The thought expressed by Eberflus after the Bears went without signing an edge in free agency or drafting one was they would produce pressure up the middle and take up double teams inside, freeing their edges to be more effective.

They went to more stout defensive ends like Walker and Rasheem Green to stop the run and force offenses into predictable passing situations. But can this even work?

"Obviously you'd like all four to be able to push it inside and outside," Eberflus said. "That would be some of the elite pass rush groups that are in the NFL right now. We're building toward that."

It can work in his opinion by simple logic. It's a shorter distance to the quarterback up the middle.

"There's been some great ones over the years that have been inside that have definitely affected the quarterback," Eberflus said.

Then again, it's not exactly easy to establish an interior rush when no one on your defense who plays defensive tackle has ever made more than three sacks in an NFL season.

They could always blitz more. Last year they blitzed 18.2% of the time, 25th most in the league.

"There's been years that, back when I was the defensive coordinator, that you would send more pressure, you would blitz guys that are second level of pressure players, be it linebacker or safety, that type of thing," Eberflus said. "We've certainly done that and got a handful of sacks out of those guys.

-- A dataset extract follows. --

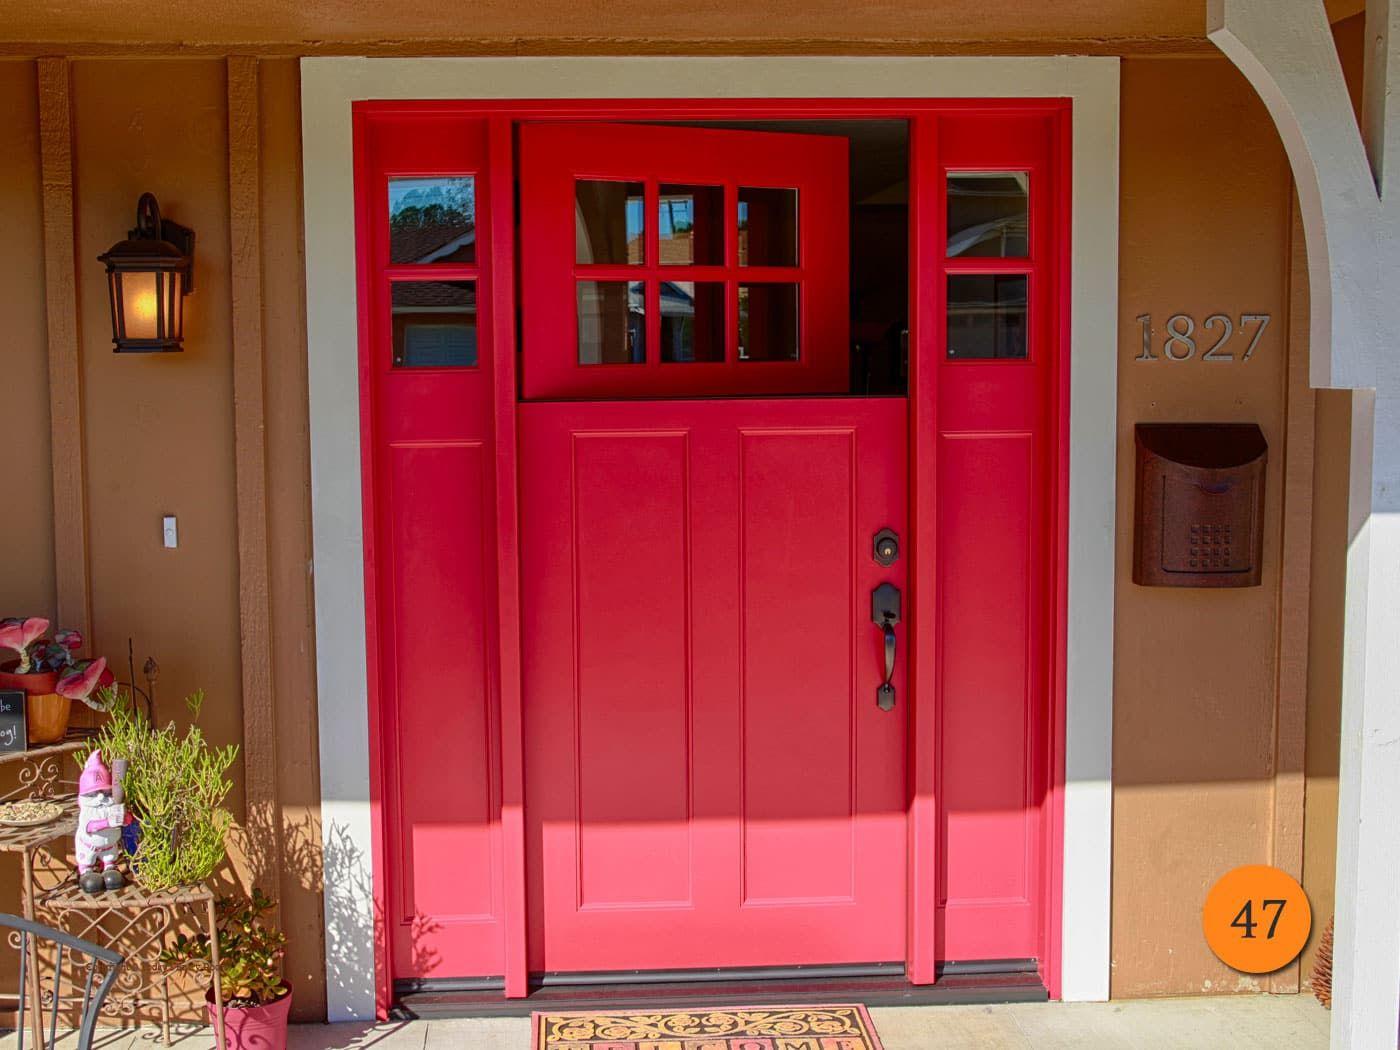 Craftsman Single 36 X80 Plastpro Drs3cg000 Fibergl Dutch Door With 2 Sidelights In 5 Foot Wide Entryway Smooth Skin Painted Scarlet Past Red

"We've gotten 10 sacks out of that group, or more than that. That could be something that we potentially do, but you'd like to generate it from the front four. That way you can have all seven in coverage and you can do more variation with your coverage that way and not opening holes for the offense. Certainly you've gotta pick your poison and pick your time when you want to do that."

Last year the Bears were led in sacks by rookie safety Jaquan Brisker with four.

Eberflus was asked if it's safe to assume he wouldn't want to have a safety lead the team in sacks again.

Eberflus dead-panned: "That would be a correct statement, yeah."